TASK DETAILS => Please retype the listing below without a single change.

DATASET EXTRACT =>
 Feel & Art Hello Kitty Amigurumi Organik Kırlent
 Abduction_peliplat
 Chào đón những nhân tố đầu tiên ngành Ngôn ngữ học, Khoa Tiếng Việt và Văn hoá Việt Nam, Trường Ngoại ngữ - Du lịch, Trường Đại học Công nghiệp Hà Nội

RESPONSE TO THIS TASK =>
 Feel & Art Hello Kitty Amigurumi Organik Kırlent
 Abduction_peliplat
 Chào đón những nhân tố đầu tiên ngành Ngôn ngữ học, Khoa Tiếng Việt và Văn hoá Việt Nam, Trường Ngoại ngữ - Du lịch, Trường Đại học Công nghiệp Hà Nội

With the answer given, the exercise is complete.